Every line of the listing below should come back exactly as written, with no images.

- _INFORMATION SUPPLIED_:
== Segment start ==
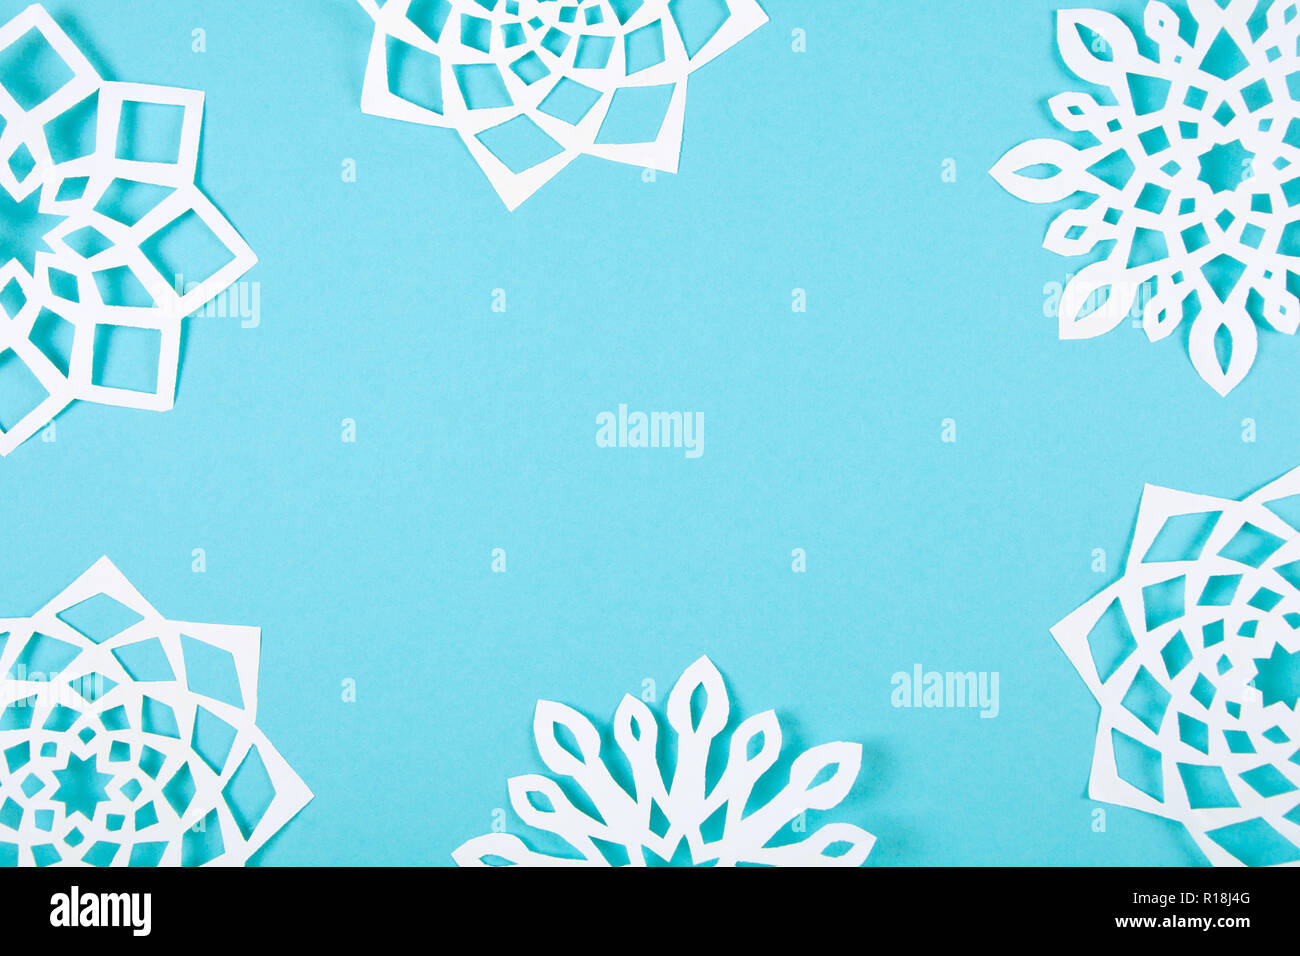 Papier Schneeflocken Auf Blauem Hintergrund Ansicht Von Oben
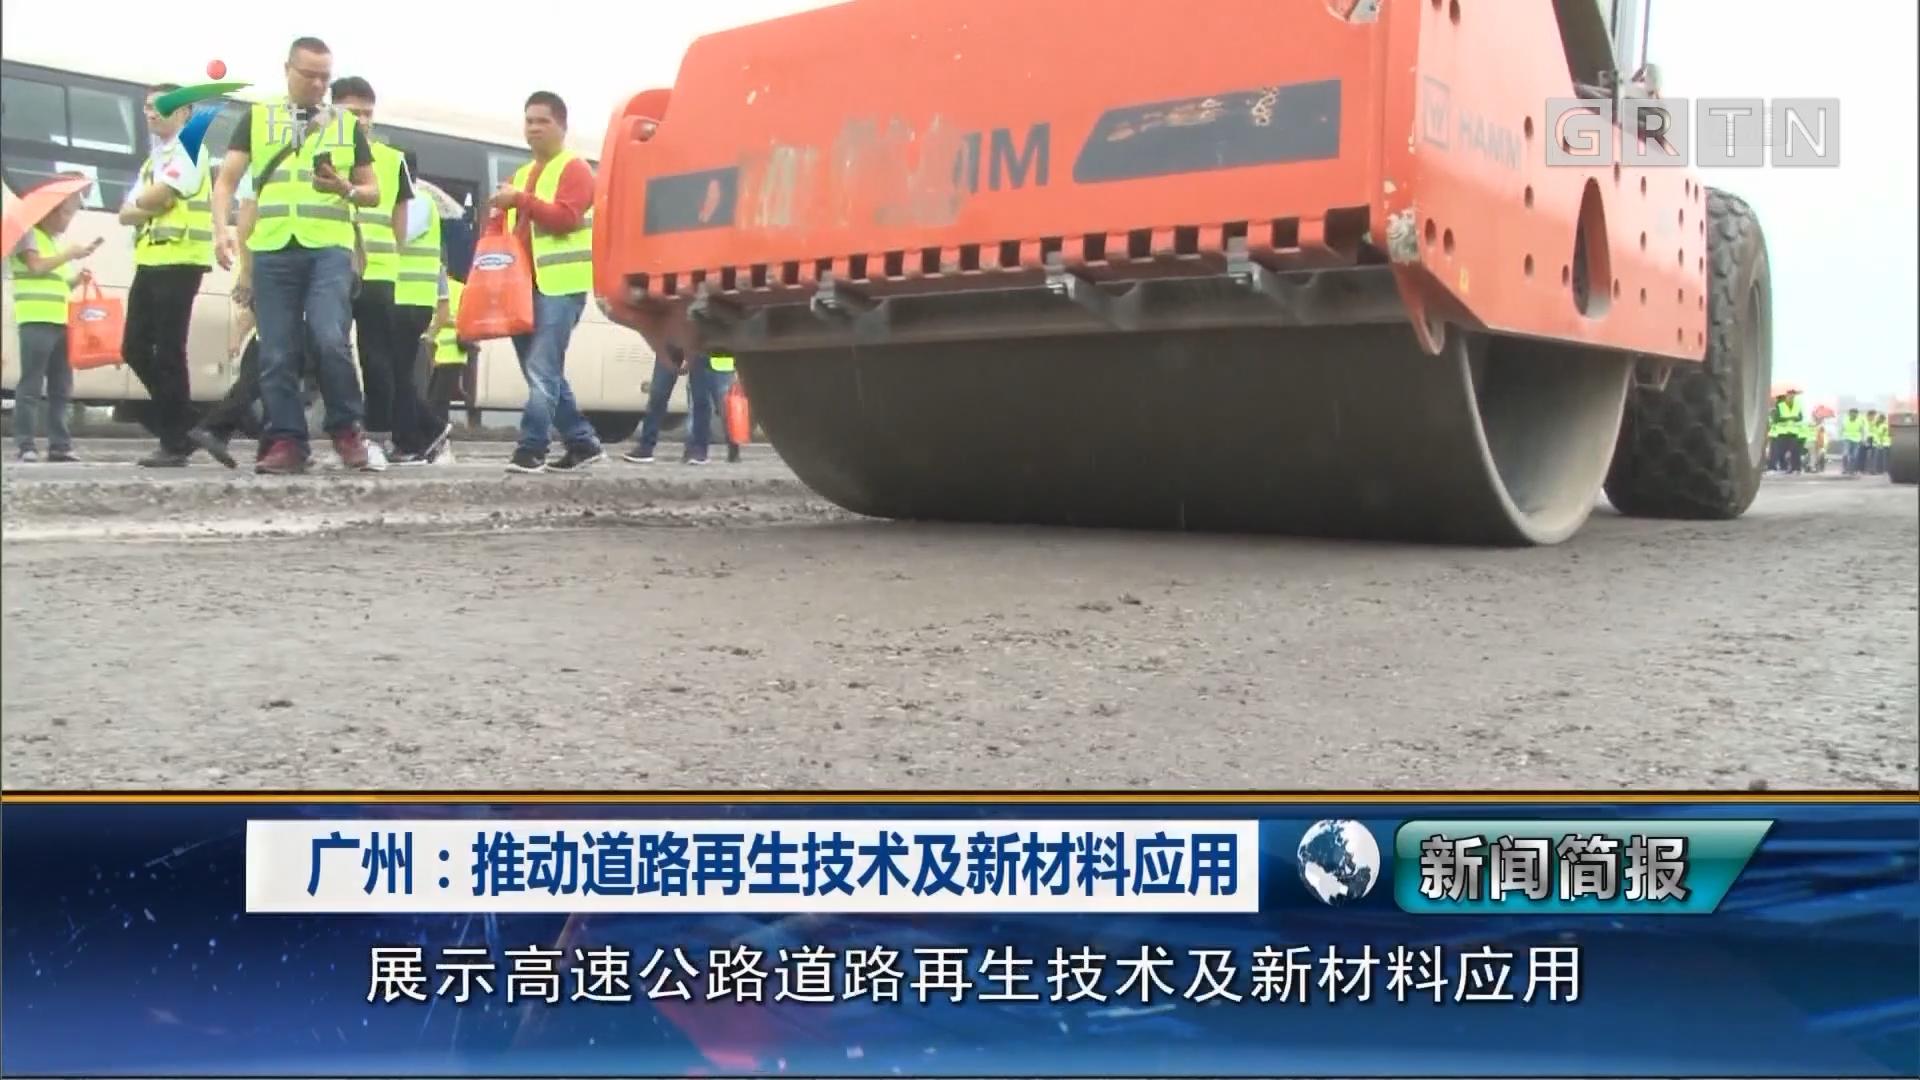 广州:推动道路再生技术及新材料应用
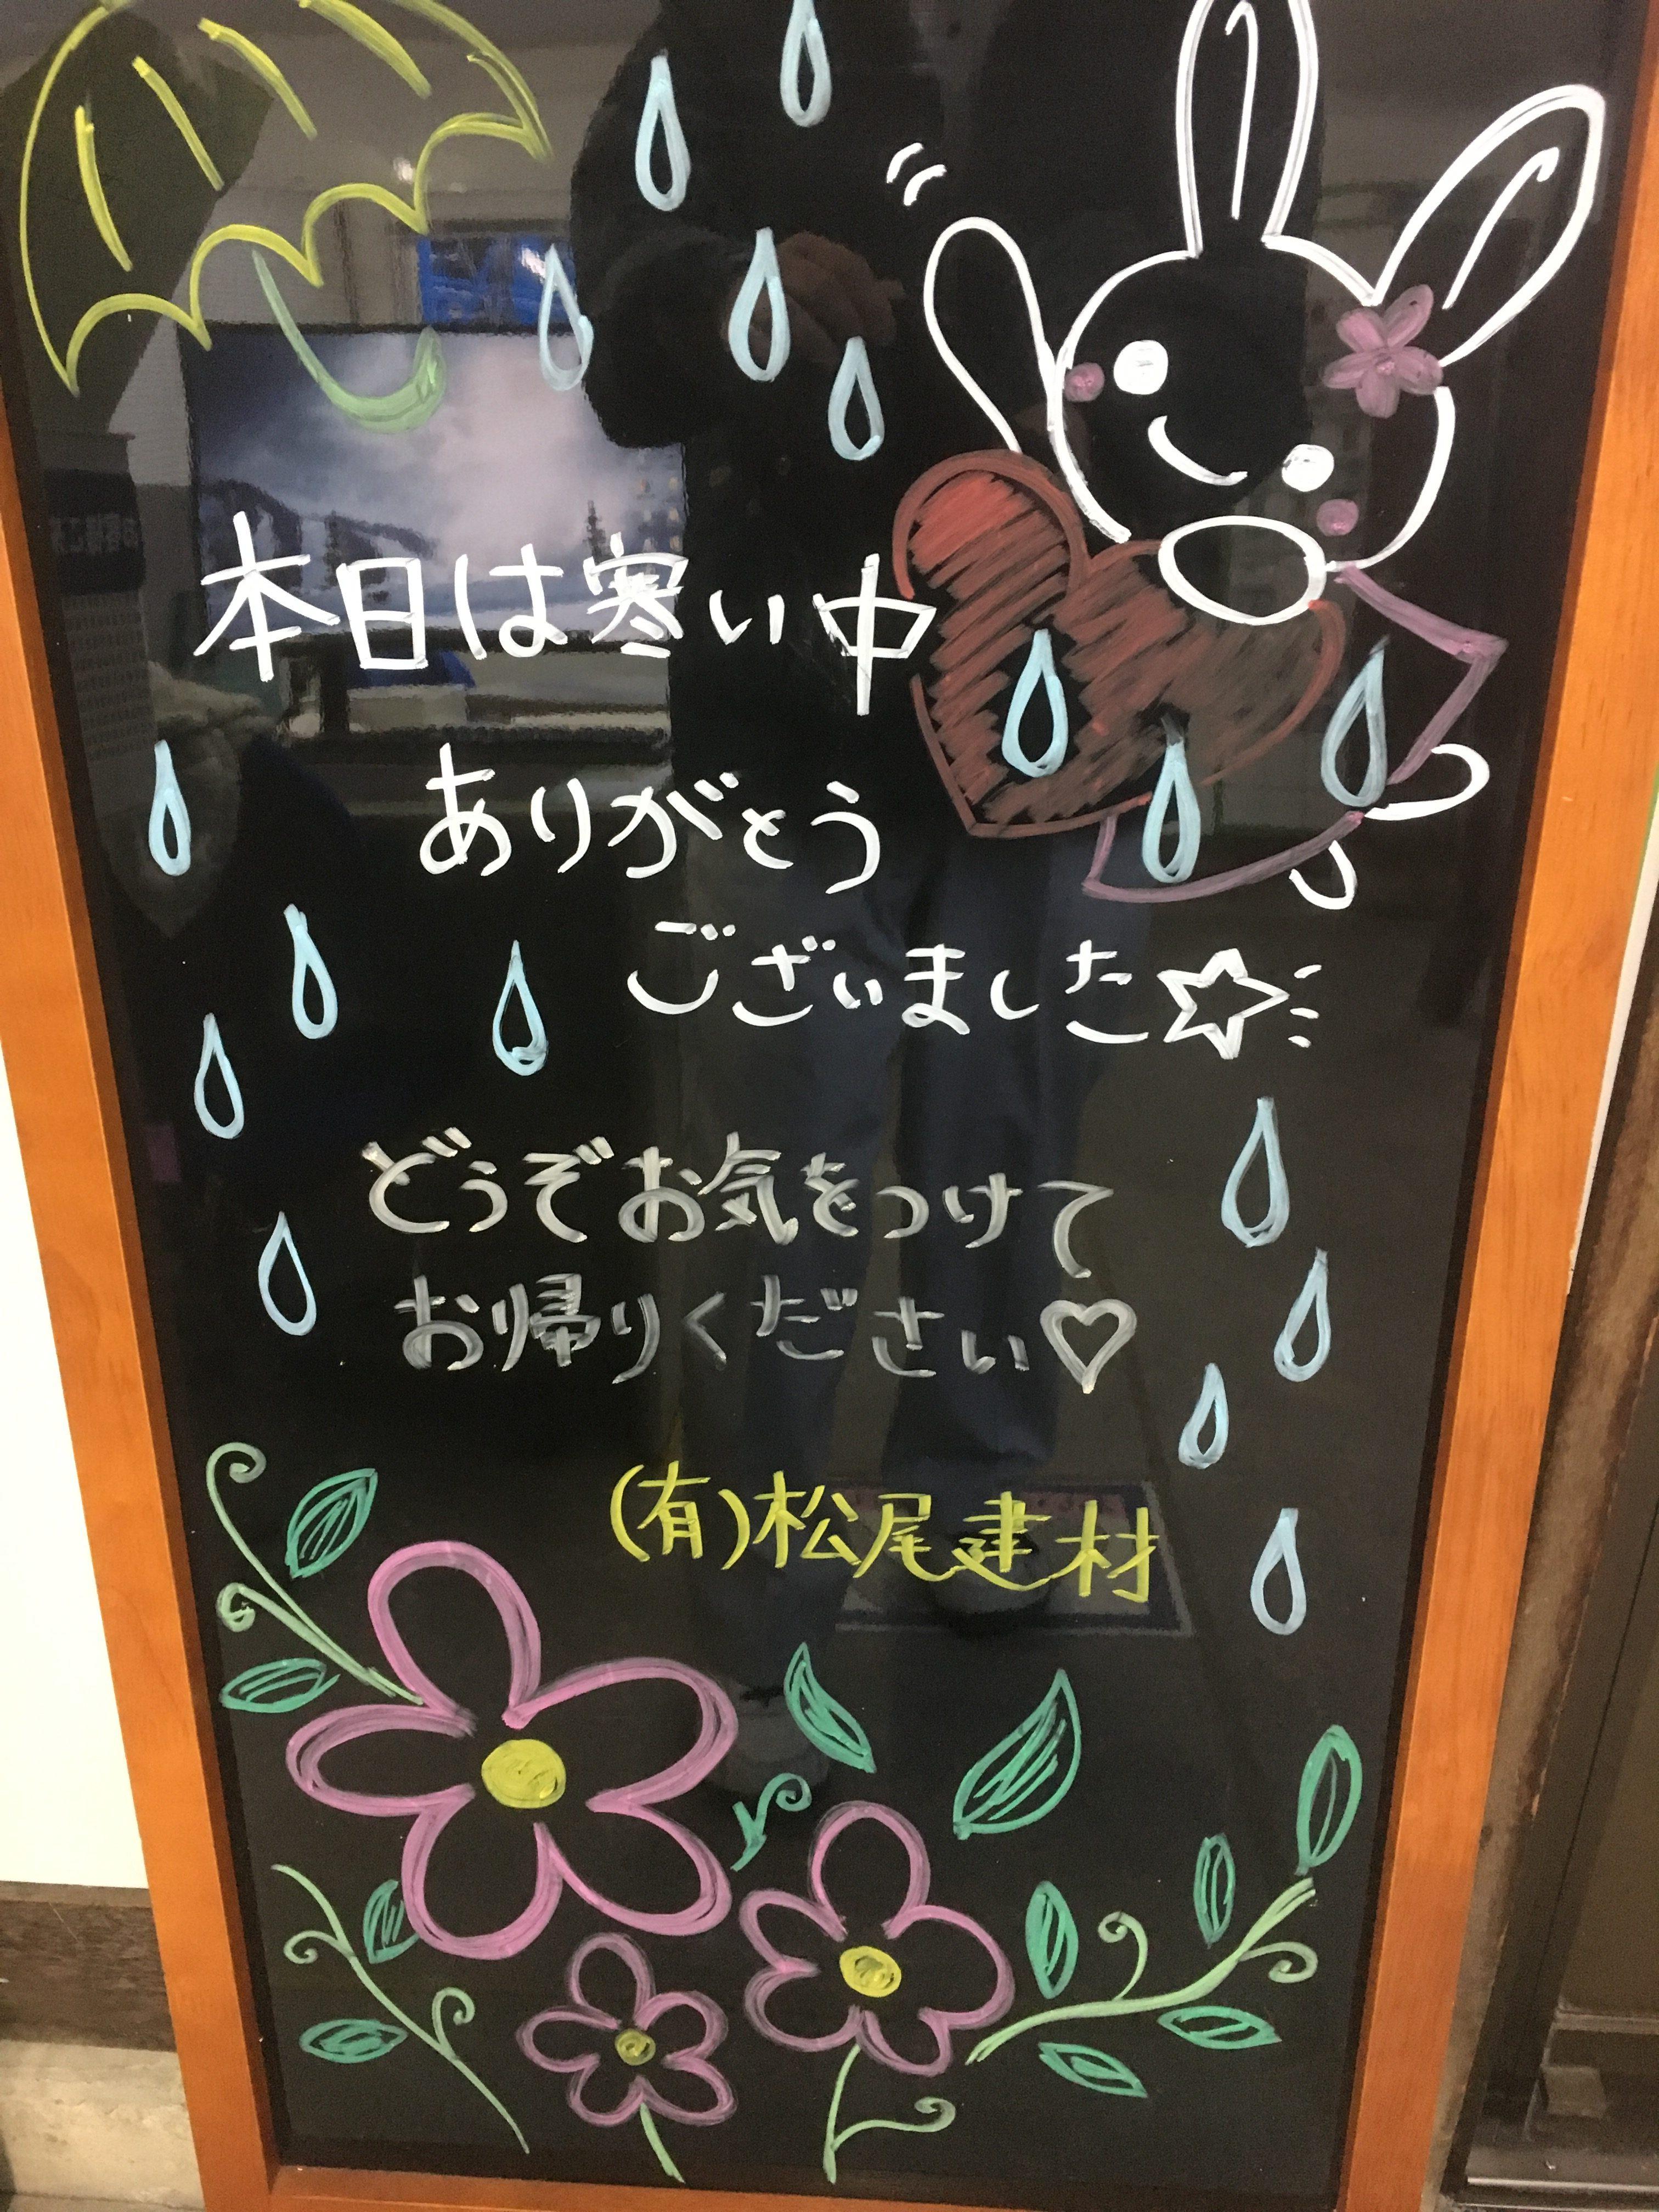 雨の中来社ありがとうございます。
== Segment end ==
- _SOLUTION TO THE EXERCISE_:
 Papier Schneeflocken Auf Blauem Hintergrund Ansicht Von Oben
 广州:推动道路再生技术及新材料应用
 雨の中来社ありがとうございます。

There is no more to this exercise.